In the case of Pfizer Inc v. Unimark Remedies Limited, the Bombay High Court, relying on the precedents of MVF 3 APS, allowed the constitution of a Confidentiality Club having lawyers and external experts along with some representatives of the parties as members. It further ordered that the proceedings shall be held in camera.

Things took a different turn in the case of Transformative Learning Solutions Pvt. Ltd. & Ors. v. Pawajot Kaur Baweja & Ors, wherein the Delhi High Court, while constituting the Confidentiality Club, held that there is no bar to a party/litigant being a member of the Confidentiality Club. The Court held that the non-disclosure to the defendant sought by the plaintiffs, deprives the defendant of opportunity of being heard and the right to defend the suit.

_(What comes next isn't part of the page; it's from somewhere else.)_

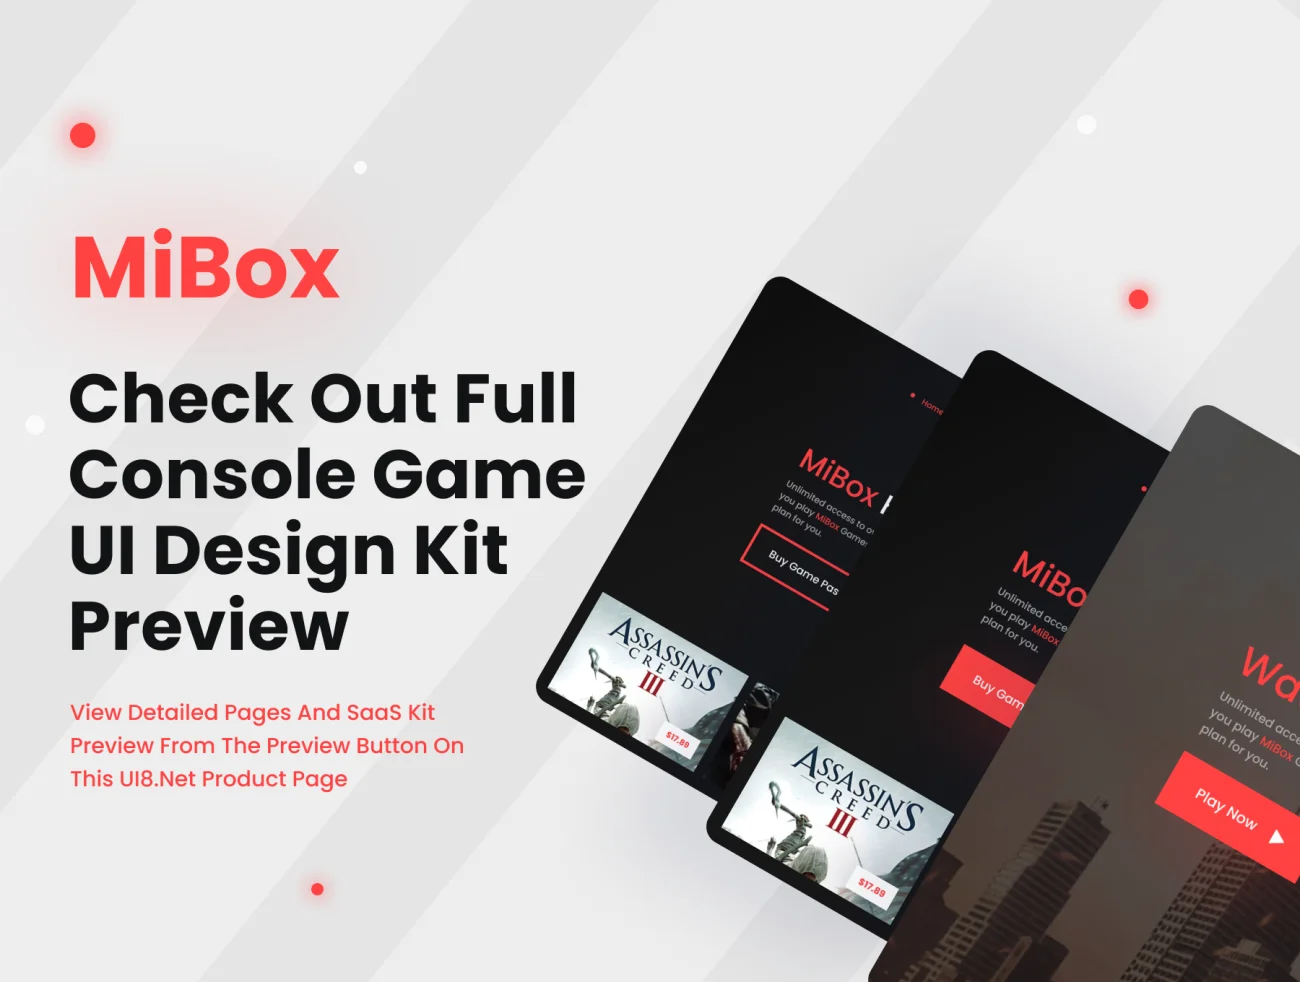 10屏游戏控制平台UI设计套件 MiBox - A Console Game Platform UI Design Practice Kit .figma-UI/UX、ui套件、主页、介绍、付款、卡片式、应用、社交、网站、详情-到位啦UI

In the recent case of Genentech Inc. and Ors. v. Drugs Controller General of India and Ors, a Single Judge Bench of the Delhi High Court allowed the constitution of a Confidentiality Club wherein it allowed a party’s internal expert to inspect the documents placed on record, along with other advocates and external expert. The Court observed that even if inspection is carried out by an external expert, he still has to divulge the information acquired from the documents to enable the plaintiff to carry out the amendments and establish its claim in the suit. Inspection shall lose its relevance, if the outcome of the same is not utilized purposefully by the party that sought the inspection, the Court held.


A careful analysis of the above passed orders reveal that there is no clarity yet with respect to the membership of Confidentiality Clubs. The orders passed in Transformative Learning Solutions and Genentech Inc allowing the presence of parties and internal experts deviates from earlier passed orders wherein only the advocates and external experts were allowed to be members of the clubs. It remains to be seen how these clubs are constituted in future cases by the courts to protect the confidentiality of the documents.

Over the last few years, the law relating to Confidentiality Clubs has been characterized by continuously evolving jurisprudence. Considering the fact that as of now, only the Delhi High Court has laid down certain rules for their constitution, and there is no statutory provision to give recognition to these clubs, it has become more of an evolving judge-made law.

It is likely that in the coming days, the constitution of these clubs shall be possibly extended to litigation in other fields like Arbitration, Competition laws and data protection. In light of the ubiquity of these clubs in legal proceedings, it becomes extremely important to have a structured regulated statutory framework. Since this is one of the exceptions to the principles of open justice, it is imperative that there exists some framework for the same to maintain the balance between protecting confidential information and maintaining access to open justice.